Difference between laches and acquiescence

The doctrine of laches and doctrine of acquiescence have their origin in the english courts of equity and applied to those cases which were not covered by the statutes. laches is just a type of acquiescence. in kisandas premchand verses. jivatlal protapshi & co., court observed, laches mean doing nothing. lapse of time or delay in suing, unaccounted for by disability or other circumstances constitutes laches. delay in seeking equitable remedy is technically known as laches and will disentitle the claimant to establish his claim even if the claim is not disputed. the domain of acquiescence is large while that of laches is very small. Laches is merely passive, while acquiescence implies almost active consent. where there is a statute of limitation, the objection of laches does not apply until the expiration of time allowed by the statute. but acquiescence is a different thing; it means more than laches. if a party who could object does not do so and knowingly permits another to incur an expense in doing an act under a belief that it would not be objected to, a kind of permission may be said to have been given to another to alter his condition, and he may be said to acquiesce.
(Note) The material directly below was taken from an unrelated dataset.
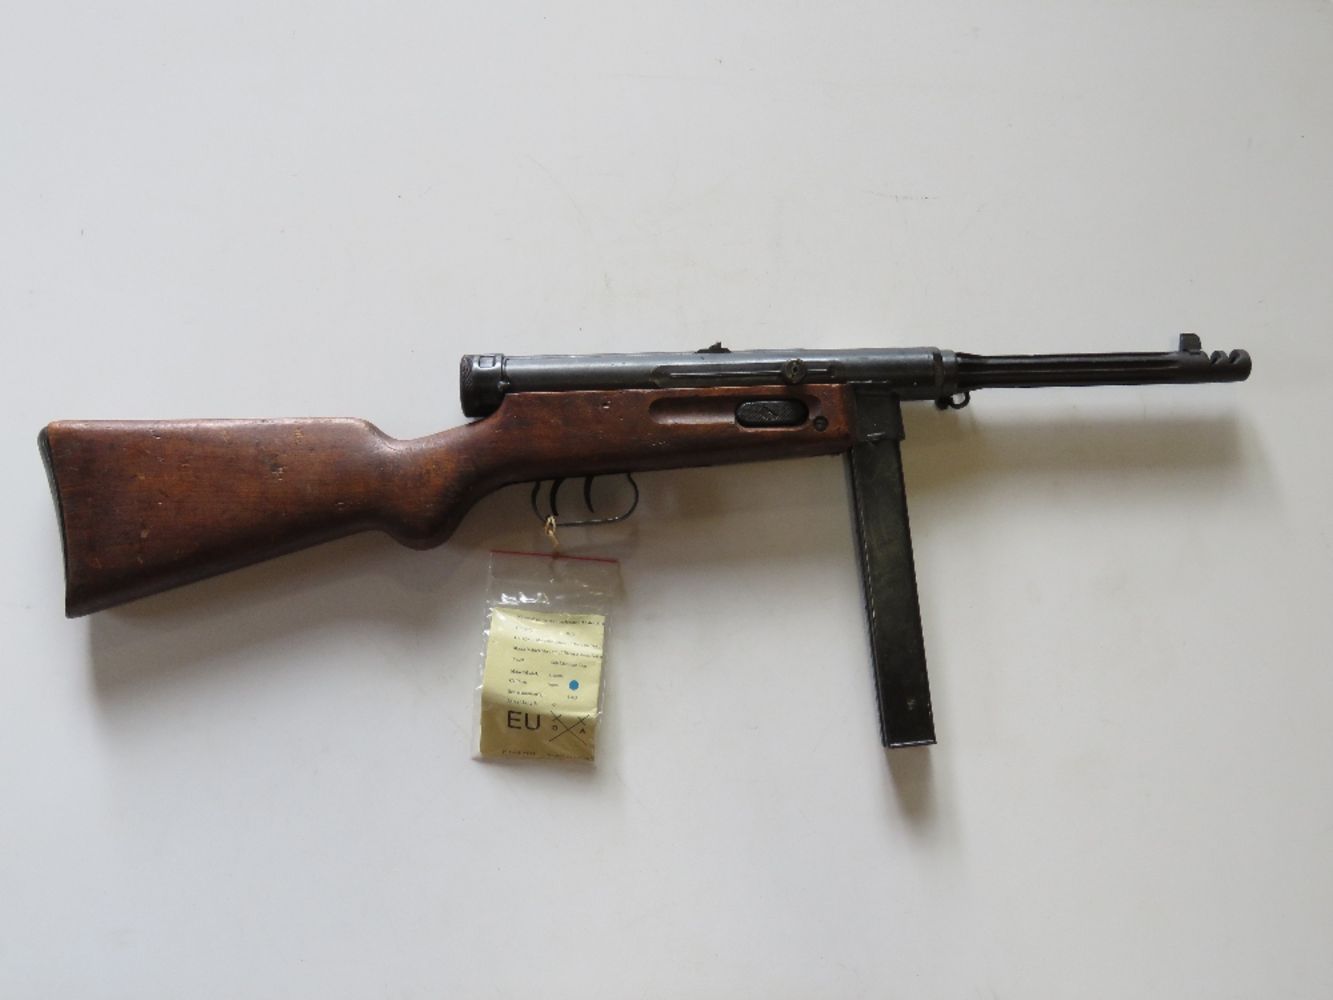 International Militaria - Timed Online Only Auction
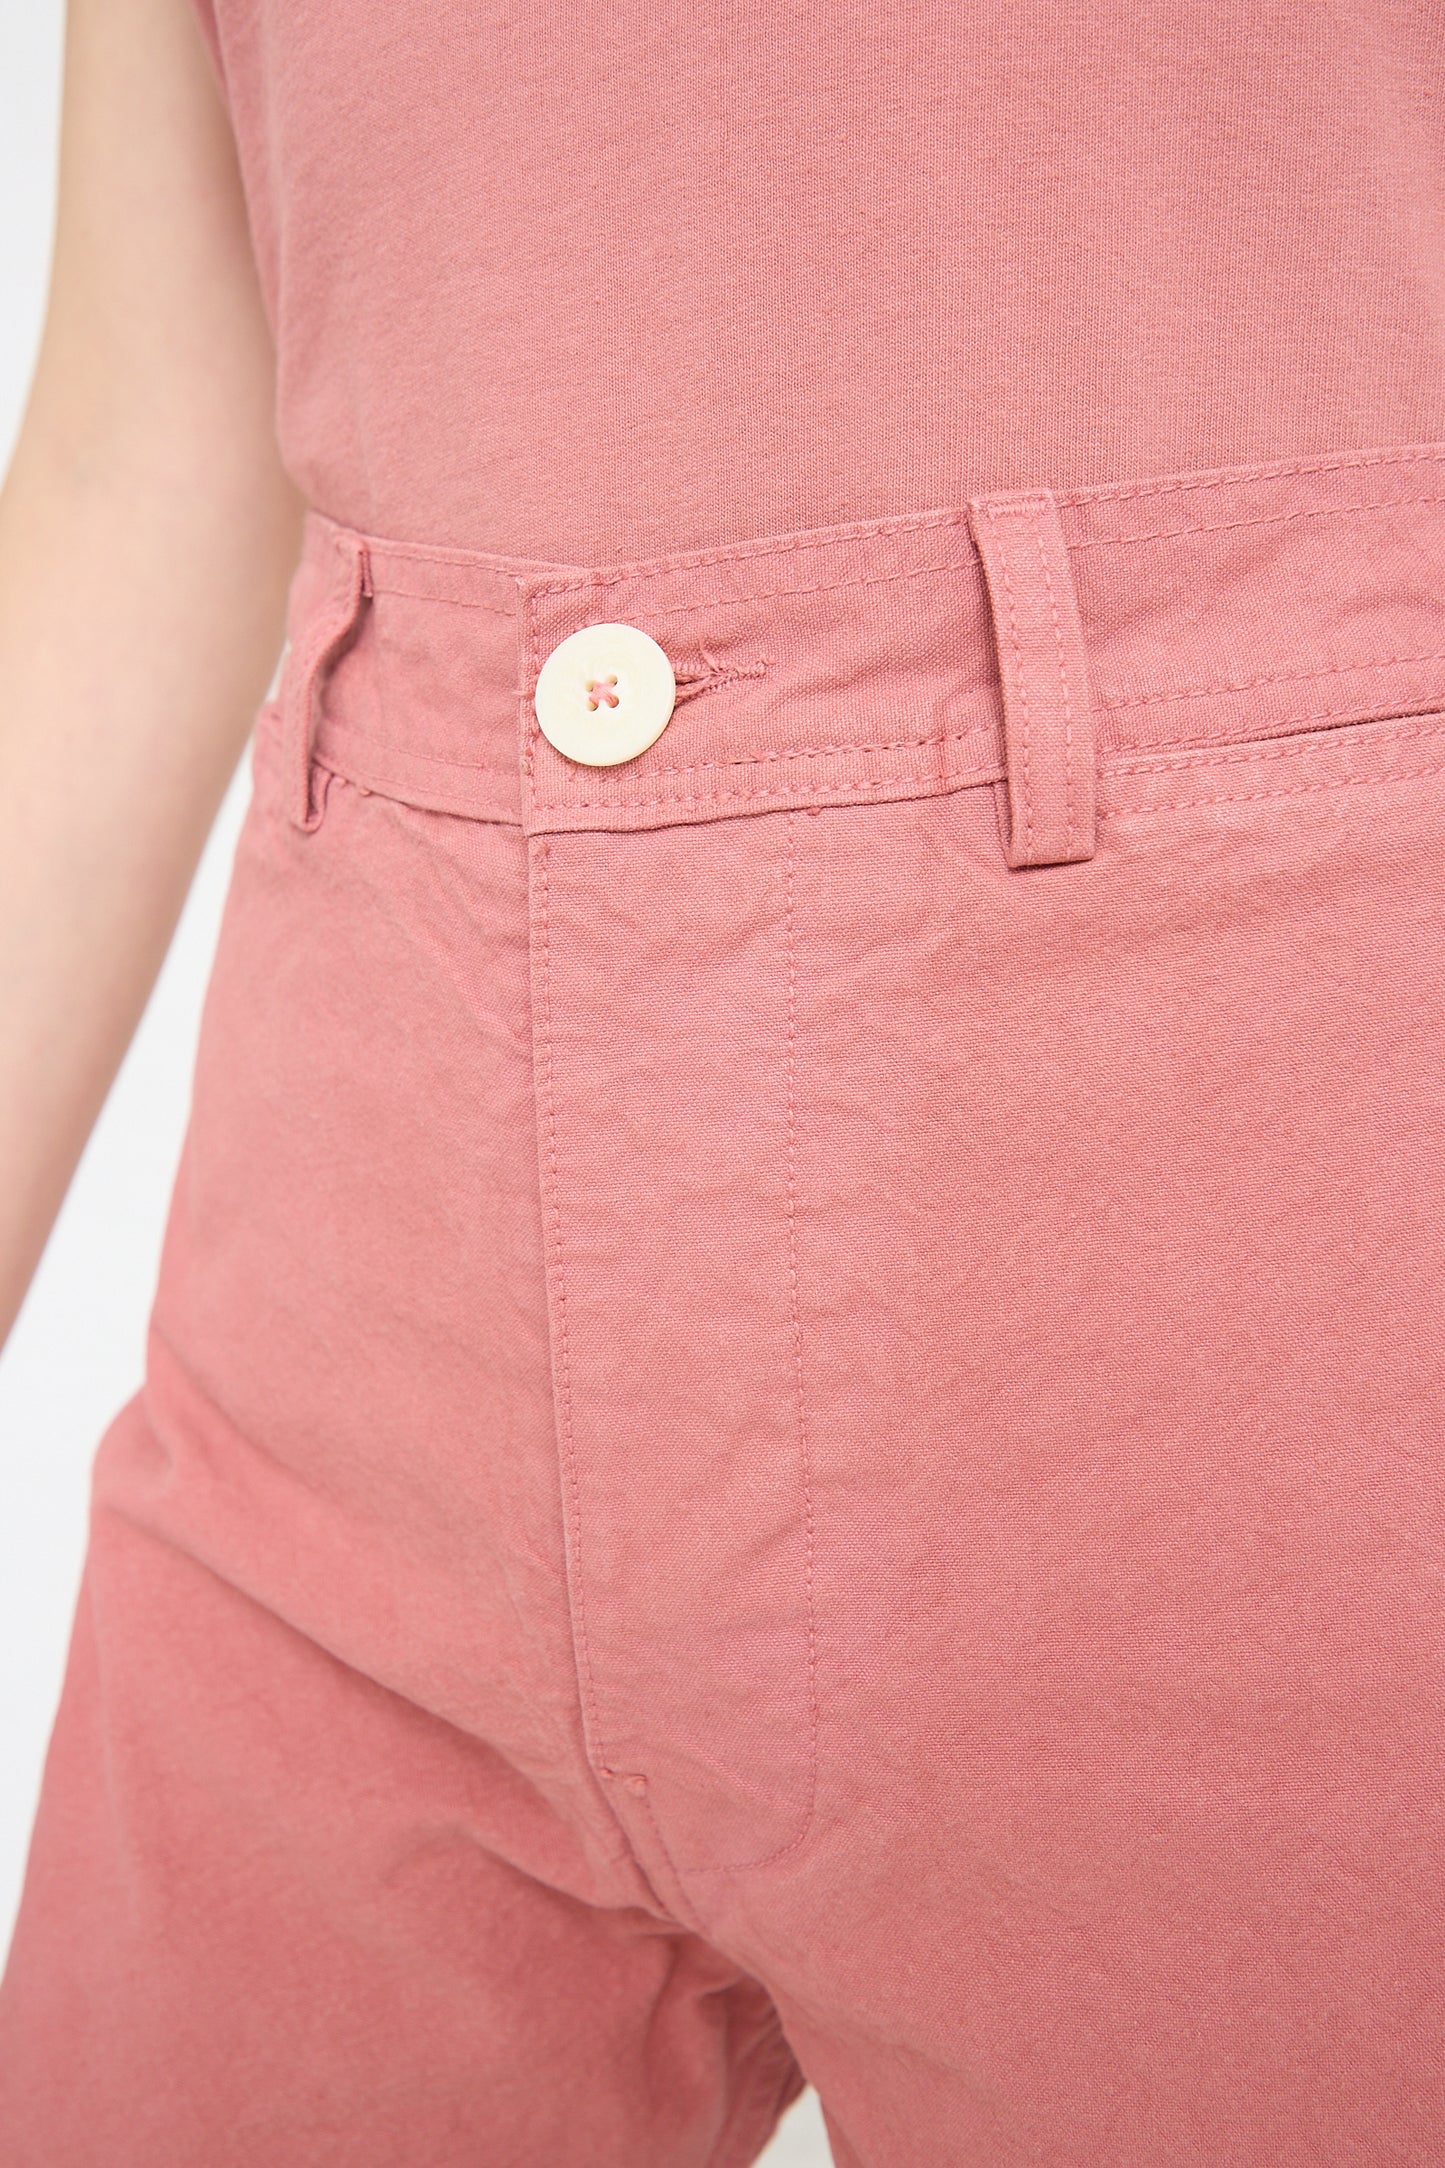 Sailor Pant in Dogwood for women with a high waist and buttons, made from organic cotton canvas by Jesse Kamm.

Acquiescence consist of tripartite factors which are, knowledge, capacity and freedom, i.e., a person acquiescing must be fully cognizant of his right to dispute the claim, he must be under no disability and lastly, must be free from all undue influence or pressure. mere delay is not, by itself, fatal to a suit but delay which amounts to a waiver of the plaintiffs right by acquiescence or conduct inducing a party to place himself in a position in which he would not otherwise have placed himself, may be sufficient to

disqualify a plaintiff from asserting rights which are not actually barred by limitation.

Note: In India, the statute of limitation being a complete code it has been said in many cases that the equitable doctrine of laches and acquiescence does not apply to suits for which a period of limitation is provided by the limitation act.